I first came across the 'TERF' initialism about 10 years ago. It was in the women’s toilets of a queer pub that I was visiting to see a performance (I live in one of the UK’s most progressive and LGBTQ-friendly cities, so it was at the vanguard of trans activism). The initialism was printed on stickers that had been plastered around the inside of the cubicle. The stickers read: 'TERFs not welcome here'. I didn’t know what 'TERF' stood for at the time, but, being where I was, I guessed that RF probably meant radical feminist.


There was something particularly nasty in the way a space of such vulnerability had been filled with aggressive speech, and I instinctively felt under attack. I assumed that the RFs the stickers were telling weren’t welcome were women.
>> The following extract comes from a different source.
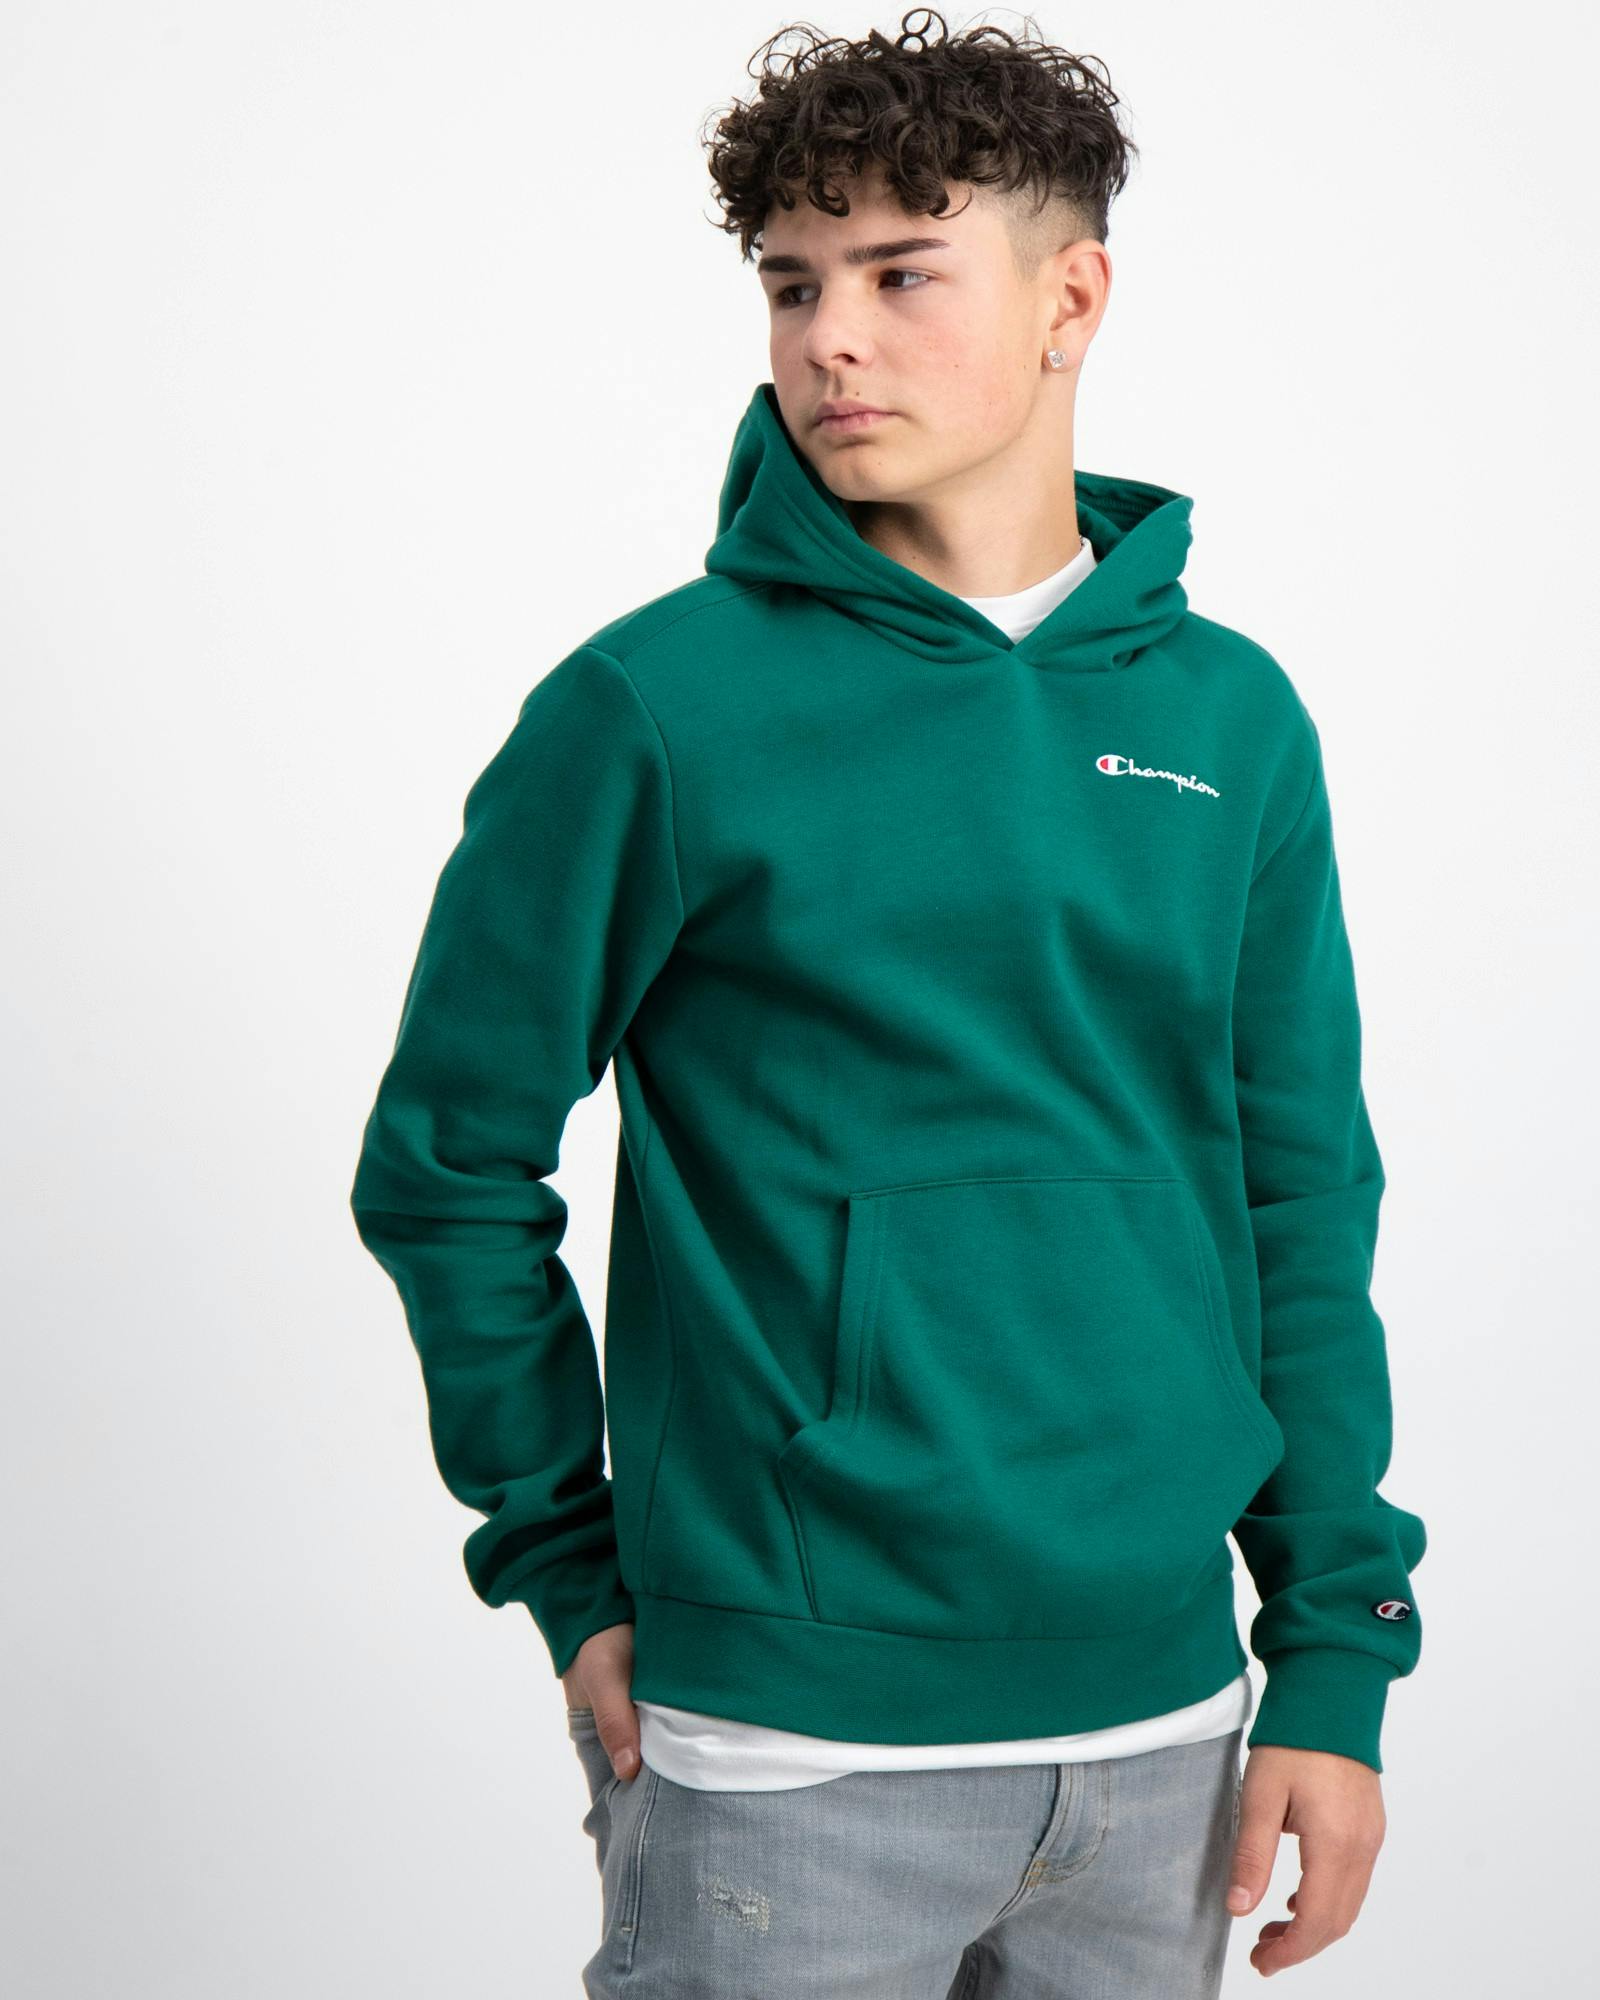 Jungen Brand Sweatshirt Grün Hooded für Kids Store |

Even if you don’t agree with a woman’s politics, why on earth should you feel it appropriate and acceptable to drive them from a necessary space? Where are they supposed to relieve themselves? I had always thought of myself as a feminist (possibly radical, I didn’t really know), but I certainly didn’t identify with the kind of woman who is so dangerous and hateful that she should be driven from using the toilet facilities designed for her. I couldn’t possibly be a 'TERF'. Or could I?


When I got home I looked up 'TERF' and was shocked to discover that, in TRAs eyes, I am one. That because I believe in the material reality of my biological sex, and because I believe that my lived experience is different from a transwoman’s lived experience (and vice versa), I’m not welcome in those toilets designed for me. That I am a bigot. That I deserve to be raped by 'lady cock'.